Larry Ryan: No matter where you are, Klopp’s your guiding star

We take for granted, at this stage, the wisdom available to us five days a week on Home and Away. But we will not go far wrong taking our life lessons from Summer Bay.

Larry Ryan: No matter where you are, Klopp’s your guiding star

We take for granted, at this stage, the wisdom available to us five days a week on Home and Away. But we will not go far wrong taking our life lessons from Summer Bay.

We have touched here before on the key takeaway, as they say: that we are never more vulnerable than when we are convinced everything is going to be fine now. That the deployment of a search and rescue unit is closest at hand in the days and hours after somebody has made the mistake of expressing absolute contentment with life.

Most of them know by now, in the Bay, that you must always stay on your toes. And they were ramming that message home again this week.

“Do you think there will ever be a time when it doesn’t feel like all of this is going to be taken away?” wondered Tori, out of her coma and nursing the baby she conceived with surrogate dad and undercover ‘Fed’ Robbo, now in grave danger from the murderous criminal gangs that dog this sleepy coastal town.

“You just got to live in the moment,” advised her world-weary brother Justin — another veteran of witness protection — parking for now the pain of his girlfriend’s mysterious disappearance and the ongoing police search.

And it was impossible not to contrast this pair’s alertness to peril with the giddiness evident in men like Sadio Mane just three short weeks ago after Norwich, when Liverpool’s lead swelled to 25 points, and City had just been turfed out of Europe.

There was something in how they giggled that evening, at Carrow Road, even as they said it wasn’t over yet, that told us they couldn’t see how anything would ever again be taken away from them.

It suggested Alf Stewart would soon be rolling out his ordnance maps of the bush in the Surf Club.

And of course it is still all over, in a mathematical sense. But equally something has been lost, and the race is on to find it before the second leg with Atletico.

Essentially, what Home and Away has traditionally done is create the perfect dressing room vibe — establish the sort of environment every manager craves.

Its homely, long-term characters bring a vital sense of stability and familiarity and that essential conviction about the value of community effort.

While round every corner are serial killers and landslides and plane crashes and near-death experiences and hospital sieges. Or a burly lad in a vest roaring, “they’ve found another body, we’ve got to get to the safe house”.

So you live in relative peace but also live in the moment and certainly never take your eye off the ball at Vicarage Road.

The great achievement of Jurgen Klopp is that he bottled this magic, that he harnessed this winning combination for so long.
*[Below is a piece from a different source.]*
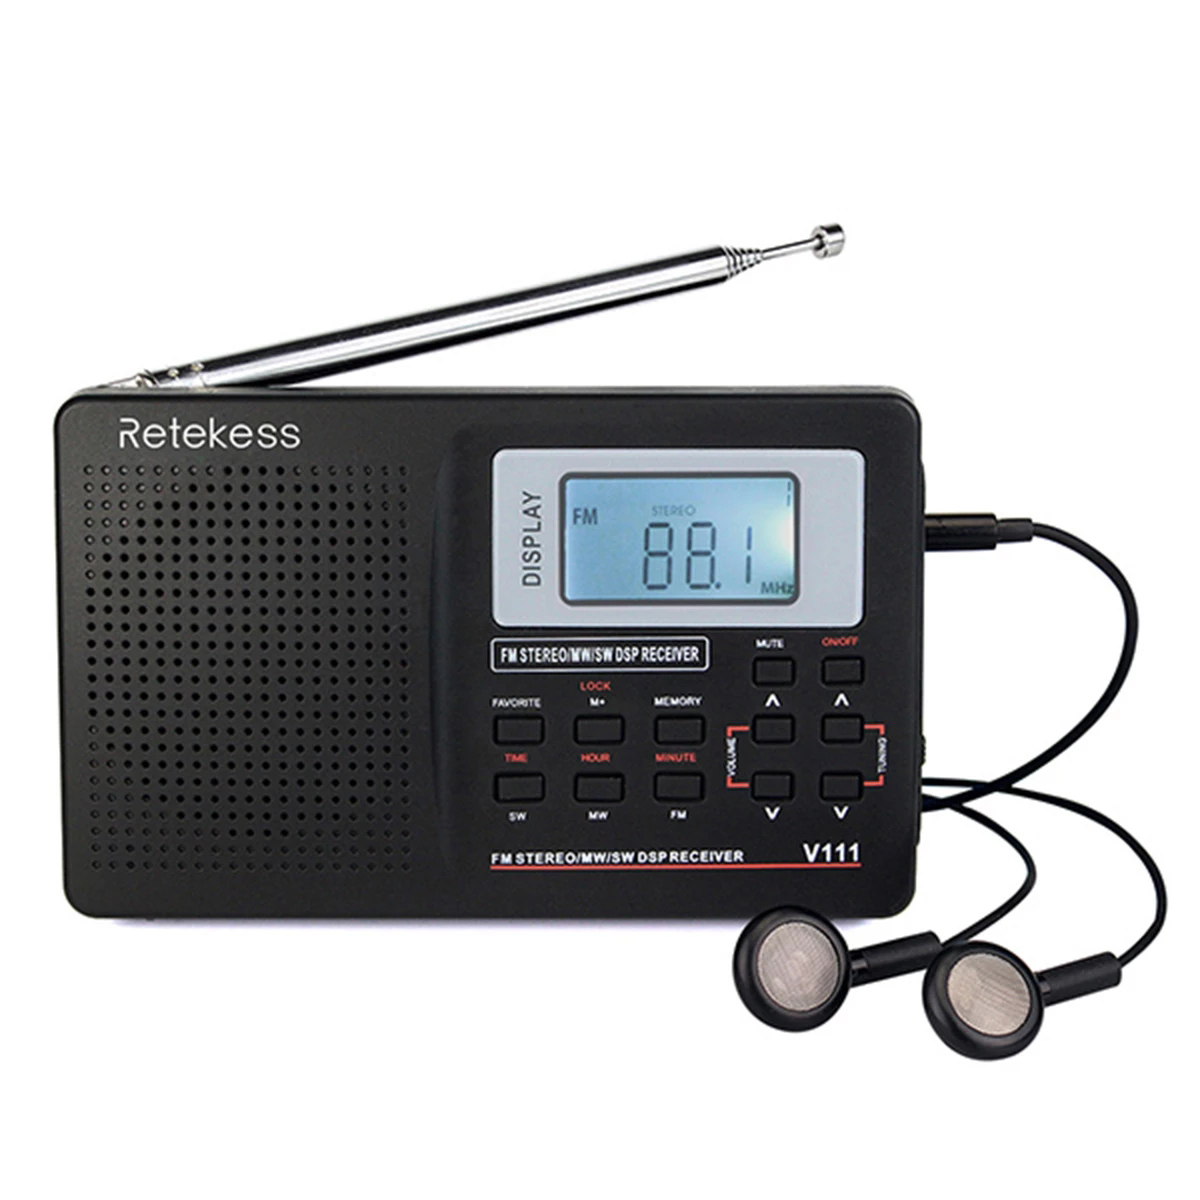 Retekess-V-111-Full-Band-Radio-FM-MW-SW-Stereo-Radio-Station-Receiver-Portable-Clock-Alarm-1897128-1

Kloppo had the balance just right.

The man who learned his English from Friends comes across as someone who’ll be there for you if it hasn’t been your day, your week or even your month. But ruthless enough to pull the plug if it’s not your year.
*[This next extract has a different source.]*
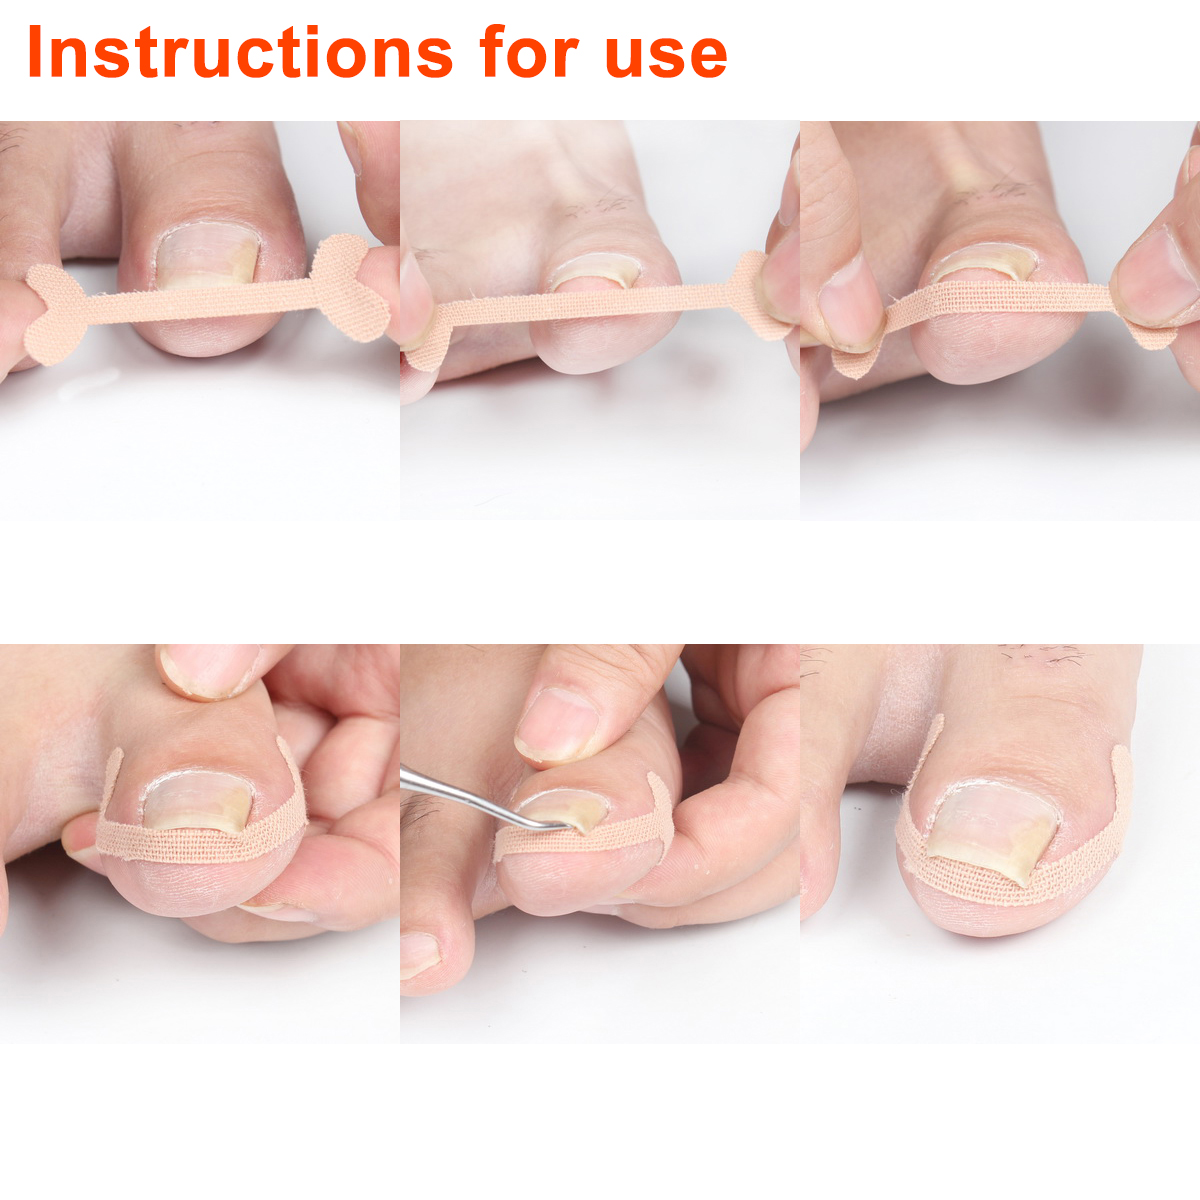 12pcs ingrown toenails band Aid relief pain Paronychia correction pedicure Elastic Force Sticker Repair bandage toe nail care

He stuck to that script this week following the costly mistake made by young Curtis Jones in the FA Cup exit to Chelsea.

“Curtis showed so many things where everybody thought, ‘Wow, what a player’. And then you lose the ball, that’s a learning process. You cannot learn it at home in the living room.”

A reminder he has the lad’s back, but that nothing goes unnoticed.

It contrasts sharply with a very different soap opera in north London, with fewer genial long-serving characters and more explosions and players going under buses.

“Now people can see that he has to work a lot so don’t think that Parrott is the second Harry Kane,” said Mourinho after his 18-year-old’s extra-time cameo and missed penalty, after which Jose admirably resisted the temptation to knee slide down the touchline.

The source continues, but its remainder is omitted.